Nautilus

The Health Clinic Crisis on Main Street

Things have been different at the Tumwater Family Practice Clinic since COVID-19 came. Its patients in Washington state are being triaged over the phone, tested at the curbside, and treated by the doorstep. Many patients, afraid of contracting the disease, do not come in. Revenue for the private practice has plummeted almost 50 percent.

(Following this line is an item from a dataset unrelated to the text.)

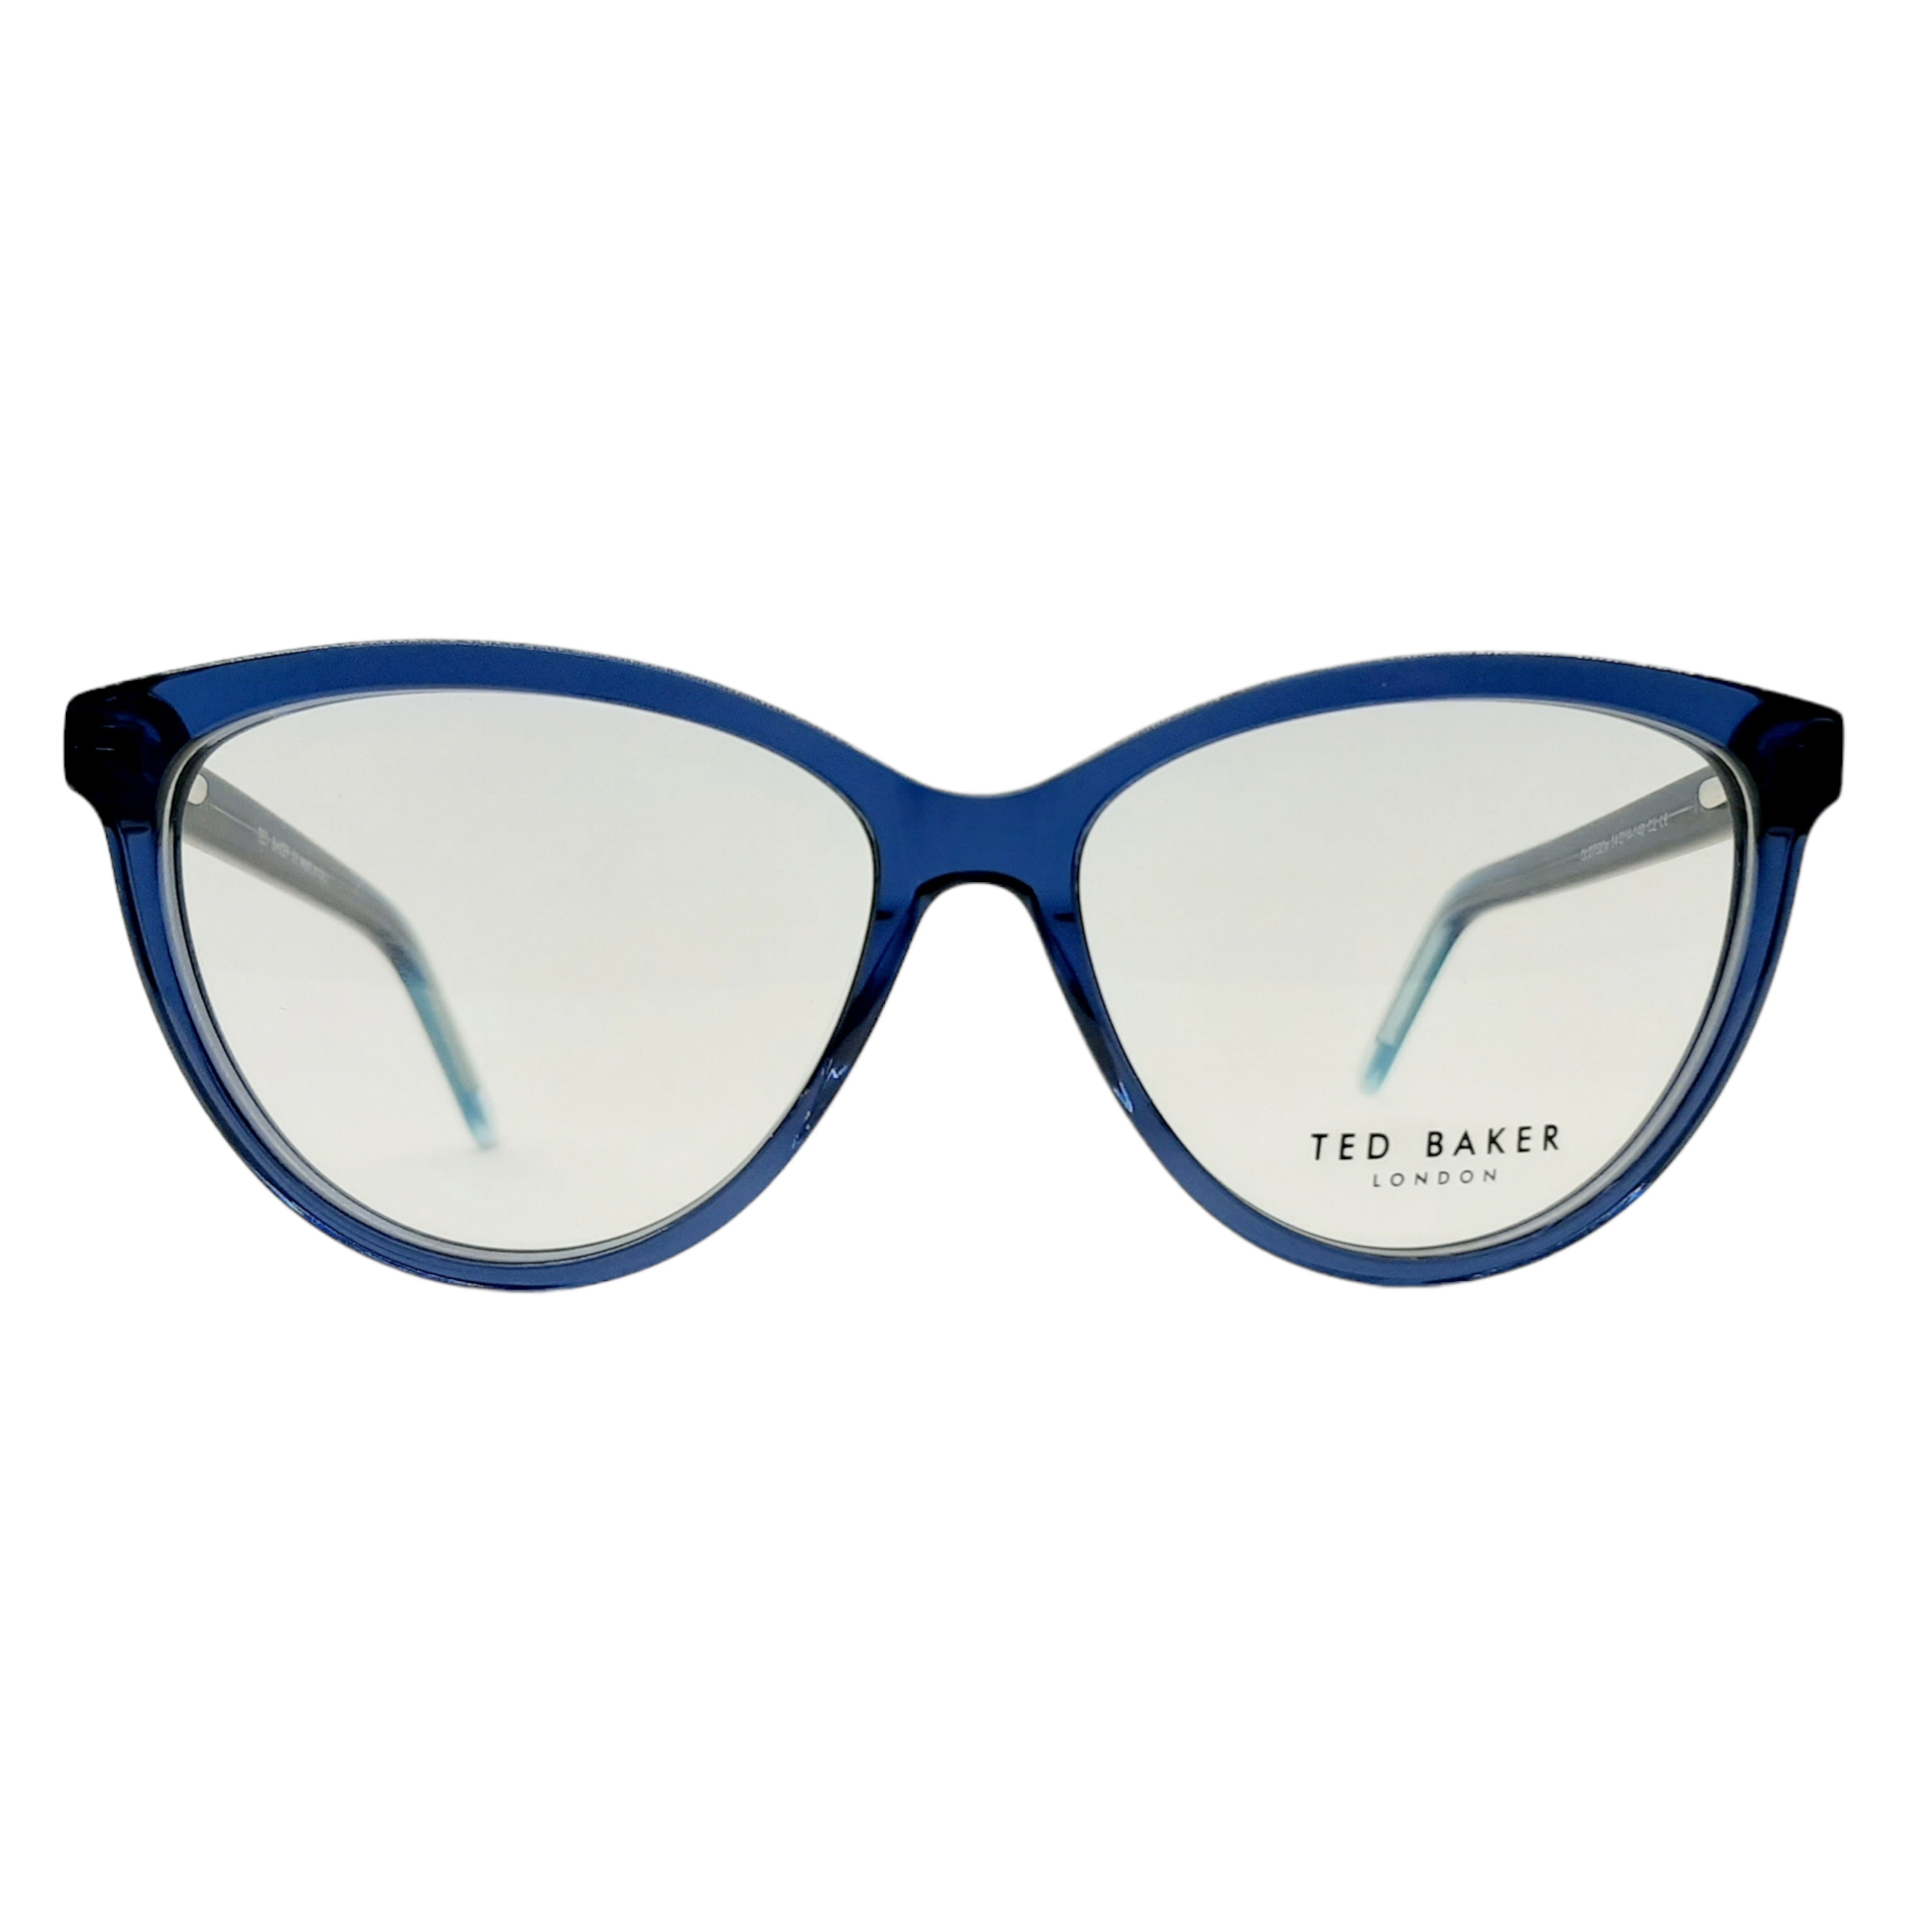 فریم عینک طبی زنانه تد بیکر مدل OLD7520Ac2

When it came time for Jennifer Tyler, Tumwater’s clinic administrator, to lay off half her staff, she was “as ready as someone could be.” Tyler hadn’t slept all weekend—Tumwater’s biggest expense is payroll. As Tyler drove past a local high school, now deserted, on her way to the office, she thought about her staff’s families—unemployed husbands, furloughed older daughters, frustrated school-age sons. “It would have been one thing if [staff] weren’t doing their jobs,” Tyler said, but “we fired them only because we couldn’t pay them. It doesn’t seem fair.”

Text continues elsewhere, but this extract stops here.